トコロチマタとは、心腹における場所の分岐である。ここで、心の中の出来事は、曖昧な混乱ではなく、どこで分かれるのか、どの道へ向かうのかを持つ。
シワツラヒノウシ
シワは皺・折れ目・歪み。ツラヒは面の痛み、煩い。ウシは主である。
シワツラヒノウシとは、心身の面に現れた皺や苦悩の奥に、主となる水火結節があることを示す。
これは苦悩を責める読みではない。
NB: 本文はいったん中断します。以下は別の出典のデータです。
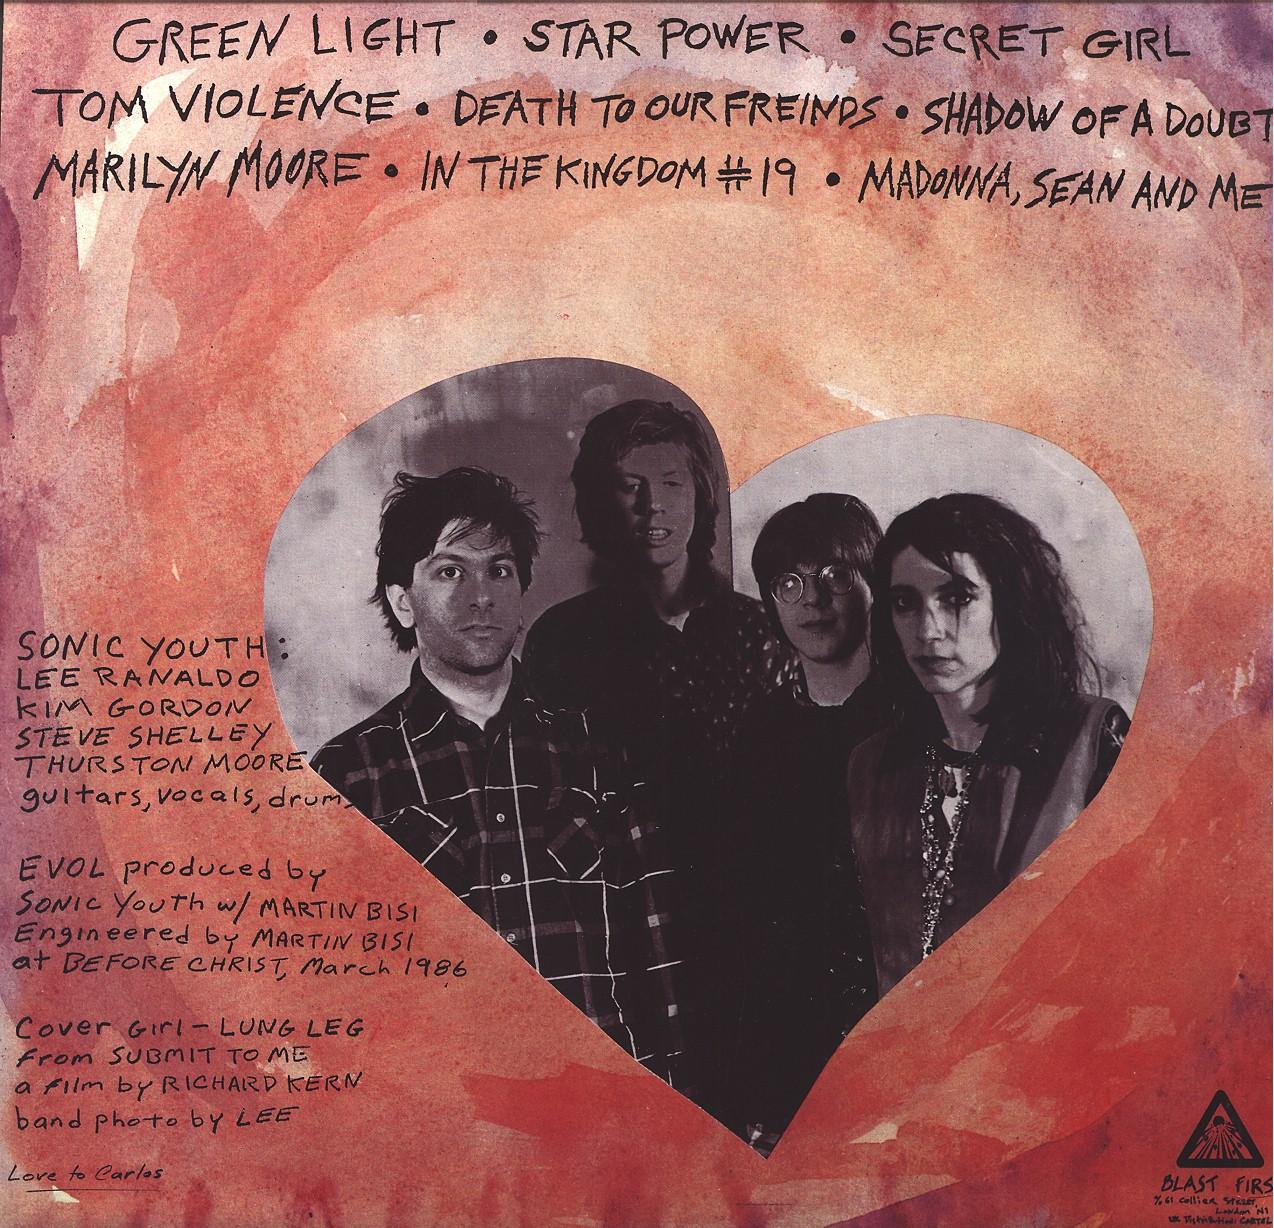 Evol (Sonic Youth album) - Wikipedia - 569.3KB

苦悩を水火の滞りとして観察し、その主を見つけ、正中へ戻すための読みである。
真相訳
心は、息を持つ。
淡い水火は、真腹の場へ開く。
そこに時の印が置かれる。
場所は岐路を持ち、道が分かれる。
心身の皺、面の痛み、煩いの奥には、
水火の主がある。
最終裁定
第51首は、イキココロで心を生命息の中心として捉え、アハキマハラで淡水火を真腹へ開き、トキオカシ・トコロチマタで時所の岐路を置き、シワツラヒノウシで苦悩の奥にある水火の主を見極める歌である。
一首の核:
心の苦悩は、息・腹・時・所・岐路を持つ水火の結節であり、その主を見極めることで、次の生成へ戻せる。
接続
第50首 = カム積みの月軸化・船戸息心・淡高霊核・道中地血。
第51首 = 生命息心・淡真腹・時の印・場所の岐路・皺煩い主の確認。
第52首 = この煩いの主を見極めた後、さらに心身水火・言事生成の具体的な変換へ進む。